-- Given data follows --

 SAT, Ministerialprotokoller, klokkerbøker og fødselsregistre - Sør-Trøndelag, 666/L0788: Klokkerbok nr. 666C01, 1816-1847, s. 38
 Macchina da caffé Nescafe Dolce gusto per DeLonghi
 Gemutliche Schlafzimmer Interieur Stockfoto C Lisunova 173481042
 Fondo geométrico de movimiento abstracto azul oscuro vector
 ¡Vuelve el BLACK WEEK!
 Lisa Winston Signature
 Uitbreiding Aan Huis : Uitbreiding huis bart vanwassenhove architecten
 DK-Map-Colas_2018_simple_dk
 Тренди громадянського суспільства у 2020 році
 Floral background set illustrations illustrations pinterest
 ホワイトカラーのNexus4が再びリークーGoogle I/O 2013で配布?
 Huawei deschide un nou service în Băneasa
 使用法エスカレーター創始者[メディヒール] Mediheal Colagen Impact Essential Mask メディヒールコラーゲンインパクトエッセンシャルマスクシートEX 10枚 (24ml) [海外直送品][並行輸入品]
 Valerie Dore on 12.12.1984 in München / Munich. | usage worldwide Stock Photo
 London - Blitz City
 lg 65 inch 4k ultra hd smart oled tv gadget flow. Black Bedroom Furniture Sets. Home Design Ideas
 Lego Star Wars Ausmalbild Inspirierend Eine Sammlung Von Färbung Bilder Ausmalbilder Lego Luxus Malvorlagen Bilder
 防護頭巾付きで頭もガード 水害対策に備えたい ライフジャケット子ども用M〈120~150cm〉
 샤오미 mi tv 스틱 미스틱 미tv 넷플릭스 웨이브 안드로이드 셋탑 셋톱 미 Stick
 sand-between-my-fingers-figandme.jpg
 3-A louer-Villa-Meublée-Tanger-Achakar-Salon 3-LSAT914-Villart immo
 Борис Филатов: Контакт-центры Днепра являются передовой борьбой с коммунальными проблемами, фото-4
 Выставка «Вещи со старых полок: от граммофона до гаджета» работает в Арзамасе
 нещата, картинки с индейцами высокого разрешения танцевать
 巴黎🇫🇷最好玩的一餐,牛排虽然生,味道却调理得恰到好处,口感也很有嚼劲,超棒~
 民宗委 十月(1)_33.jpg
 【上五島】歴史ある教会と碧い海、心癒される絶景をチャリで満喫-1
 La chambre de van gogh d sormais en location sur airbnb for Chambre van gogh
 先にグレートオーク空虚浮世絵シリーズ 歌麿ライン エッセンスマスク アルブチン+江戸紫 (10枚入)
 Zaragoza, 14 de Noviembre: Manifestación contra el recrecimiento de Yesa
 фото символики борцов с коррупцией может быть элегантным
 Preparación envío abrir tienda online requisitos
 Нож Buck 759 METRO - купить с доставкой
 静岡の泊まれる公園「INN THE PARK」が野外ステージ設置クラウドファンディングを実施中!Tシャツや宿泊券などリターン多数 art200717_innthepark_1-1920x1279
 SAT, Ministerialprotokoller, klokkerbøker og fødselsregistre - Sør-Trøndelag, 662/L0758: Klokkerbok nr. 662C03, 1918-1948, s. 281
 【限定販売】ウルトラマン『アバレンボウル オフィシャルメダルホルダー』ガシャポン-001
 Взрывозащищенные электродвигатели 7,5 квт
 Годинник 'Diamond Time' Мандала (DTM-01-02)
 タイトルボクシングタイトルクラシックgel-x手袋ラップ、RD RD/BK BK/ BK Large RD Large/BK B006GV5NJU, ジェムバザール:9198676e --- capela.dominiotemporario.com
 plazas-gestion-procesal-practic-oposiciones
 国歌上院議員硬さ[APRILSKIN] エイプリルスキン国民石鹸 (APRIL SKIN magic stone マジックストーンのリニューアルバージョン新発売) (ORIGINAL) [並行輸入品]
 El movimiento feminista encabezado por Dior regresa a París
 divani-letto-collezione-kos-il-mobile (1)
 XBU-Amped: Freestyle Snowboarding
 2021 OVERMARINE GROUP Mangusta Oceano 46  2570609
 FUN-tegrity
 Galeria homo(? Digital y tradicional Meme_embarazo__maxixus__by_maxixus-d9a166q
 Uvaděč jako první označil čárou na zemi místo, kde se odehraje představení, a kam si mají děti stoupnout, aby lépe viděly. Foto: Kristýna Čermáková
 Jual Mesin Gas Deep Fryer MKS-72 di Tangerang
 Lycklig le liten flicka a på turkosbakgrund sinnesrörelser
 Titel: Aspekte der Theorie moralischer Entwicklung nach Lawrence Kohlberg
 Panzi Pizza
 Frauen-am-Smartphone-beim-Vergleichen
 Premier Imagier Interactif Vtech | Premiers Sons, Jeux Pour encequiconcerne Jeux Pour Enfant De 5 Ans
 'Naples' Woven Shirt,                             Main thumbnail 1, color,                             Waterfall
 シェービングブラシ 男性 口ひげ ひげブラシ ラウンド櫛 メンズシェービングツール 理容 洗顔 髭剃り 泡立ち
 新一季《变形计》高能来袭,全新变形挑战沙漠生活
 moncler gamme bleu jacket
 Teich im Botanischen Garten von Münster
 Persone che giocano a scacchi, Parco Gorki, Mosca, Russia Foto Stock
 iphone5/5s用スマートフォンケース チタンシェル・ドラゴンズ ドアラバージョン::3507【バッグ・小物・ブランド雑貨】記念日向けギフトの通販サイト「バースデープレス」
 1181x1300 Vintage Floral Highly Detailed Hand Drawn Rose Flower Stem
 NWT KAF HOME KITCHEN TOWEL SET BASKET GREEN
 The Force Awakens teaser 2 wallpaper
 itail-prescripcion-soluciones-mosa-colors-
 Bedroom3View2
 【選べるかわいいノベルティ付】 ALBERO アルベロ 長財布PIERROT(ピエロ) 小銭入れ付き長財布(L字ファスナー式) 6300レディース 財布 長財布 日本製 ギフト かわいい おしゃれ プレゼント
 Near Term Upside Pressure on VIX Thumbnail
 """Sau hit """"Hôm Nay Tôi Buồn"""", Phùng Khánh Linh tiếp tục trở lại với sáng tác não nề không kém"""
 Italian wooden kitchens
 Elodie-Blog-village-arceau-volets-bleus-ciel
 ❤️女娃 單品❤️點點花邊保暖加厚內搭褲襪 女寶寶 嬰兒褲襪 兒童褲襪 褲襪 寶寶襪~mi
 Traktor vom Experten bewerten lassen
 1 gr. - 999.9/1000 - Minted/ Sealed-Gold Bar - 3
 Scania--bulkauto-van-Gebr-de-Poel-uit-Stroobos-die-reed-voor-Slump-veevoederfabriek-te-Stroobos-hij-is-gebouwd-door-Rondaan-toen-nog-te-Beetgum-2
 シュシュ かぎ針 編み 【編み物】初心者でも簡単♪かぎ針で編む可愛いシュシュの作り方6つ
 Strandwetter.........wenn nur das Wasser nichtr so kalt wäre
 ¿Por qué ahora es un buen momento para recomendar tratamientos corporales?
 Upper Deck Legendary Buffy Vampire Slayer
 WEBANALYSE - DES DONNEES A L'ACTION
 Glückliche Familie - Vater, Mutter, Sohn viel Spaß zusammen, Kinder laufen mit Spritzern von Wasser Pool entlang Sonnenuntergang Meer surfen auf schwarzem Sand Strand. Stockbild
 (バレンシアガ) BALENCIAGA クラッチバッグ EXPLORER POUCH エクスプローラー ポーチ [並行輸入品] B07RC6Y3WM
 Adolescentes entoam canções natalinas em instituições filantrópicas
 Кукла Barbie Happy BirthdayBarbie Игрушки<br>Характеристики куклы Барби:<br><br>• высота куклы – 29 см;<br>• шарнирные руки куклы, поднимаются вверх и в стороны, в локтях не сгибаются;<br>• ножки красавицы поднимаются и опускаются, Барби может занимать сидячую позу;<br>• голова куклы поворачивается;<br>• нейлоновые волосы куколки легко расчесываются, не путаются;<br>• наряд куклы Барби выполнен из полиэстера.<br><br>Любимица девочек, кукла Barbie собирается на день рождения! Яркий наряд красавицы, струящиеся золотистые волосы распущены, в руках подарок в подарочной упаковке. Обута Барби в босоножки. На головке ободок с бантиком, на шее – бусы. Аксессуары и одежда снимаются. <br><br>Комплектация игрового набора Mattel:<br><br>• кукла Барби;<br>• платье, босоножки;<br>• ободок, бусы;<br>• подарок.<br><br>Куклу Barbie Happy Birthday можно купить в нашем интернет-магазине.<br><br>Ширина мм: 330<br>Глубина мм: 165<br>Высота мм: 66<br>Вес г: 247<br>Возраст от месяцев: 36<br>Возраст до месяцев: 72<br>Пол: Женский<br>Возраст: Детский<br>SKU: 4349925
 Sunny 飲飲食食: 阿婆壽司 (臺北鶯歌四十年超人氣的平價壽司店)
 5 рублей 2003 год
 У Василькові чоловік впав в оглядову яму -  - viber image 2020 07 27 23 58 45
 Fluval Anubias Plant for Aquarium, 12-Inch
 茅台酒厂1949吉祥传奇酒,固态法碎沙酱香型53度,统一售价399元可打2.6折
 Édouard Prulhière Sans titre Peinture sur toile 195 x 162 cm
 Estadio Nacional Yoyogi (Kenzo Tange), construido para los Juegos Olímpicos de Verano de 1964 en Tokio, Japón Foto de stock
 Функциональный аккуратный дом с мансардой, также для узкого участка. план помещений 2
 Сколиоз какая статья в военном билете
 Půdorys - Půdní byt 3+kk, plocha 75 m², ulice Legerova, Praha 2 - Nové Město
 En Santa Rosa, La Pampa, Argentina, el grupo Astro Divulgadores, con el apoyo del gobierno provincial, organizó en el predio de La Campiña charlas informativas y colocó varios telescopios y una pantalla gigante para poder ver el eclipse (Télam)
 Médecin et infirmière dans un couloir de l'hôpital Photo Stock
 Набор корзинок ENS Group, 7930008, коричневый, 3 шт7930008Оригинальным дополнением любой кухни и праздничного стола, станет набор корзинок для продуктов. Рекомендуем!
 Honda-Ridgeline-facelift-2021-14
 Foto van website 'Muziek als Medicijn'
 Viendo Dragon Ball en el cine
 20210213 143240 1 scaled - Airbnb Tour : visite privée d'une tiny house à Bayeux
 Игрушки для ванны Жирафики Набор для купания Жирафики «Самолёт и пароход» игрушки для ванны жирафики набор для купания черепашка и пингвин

-- Given data concluded --

◆ Aim of the exercise: Above is a listing; print exactly its lines from the one with "Phùng Khánh Linh" through the one with "Adolescentes entoam canções", and no other lines.

◆ Task answer:
 """Sau hit """"Hôm Nay Tôi Buồn"""", Phùng Khánh Linh tiếp tục trở lại với sáng tác não nề không kém"""
 Italian wooden kitchens
 Elodie-Blog-village-arceau-volets-bleus-ciel
 ❤️女娃 單品❤️點點花邊保暖加厚內搭褲襪 女寶寶 嬰兒褲襪 兒童褲襪 褲襪 寶寶襪~mi
 Traktor vom Experten bewerten lassen
 1 gr. - 999.9/1000 - Minted/ Sealed-Gold Bar - 3
 Scania--bulkauto-van-Gebr-de-Poel-uit-Stroobos-die-reed-voor-Slump-veevoederfabriek-te-Stroobos-hij-is-gebouwd-door-Rondaan-toen-nog-te-Beetgum-2
 シュシュ かぎ針 編み 【編み物】初心者でも簡単♪かぎ針で編む可愛いシュシュの作り方6つ
 Strandwetter.........wenn nur das Wasser nichtr so kalt wäre
 ¿Por qué ahora es un buen momento para recomendar tratamientos corporales?
 Upper Deck Legendary Buffy Vampire Slayer
 WEBANALYSE - DES DONNEES A L'ACTION
 Glückliche Familie - Vater, Mutter, Sohn viel Spaß zusammen, Kinder laufen mit Spritzern von Wasser Pool entlang Sonnenuntergang Meer surfen auf schwarzem Sand Strand. Stockbild
 (バレンシアガ) BALENCIAGA クラッチバッグ EXPLORER POUCH エクスプローラー ポーチ [並行輸入品] B07RC6Y3WM
 Adolescentes entoam canções natalinas em instituições filantrópicas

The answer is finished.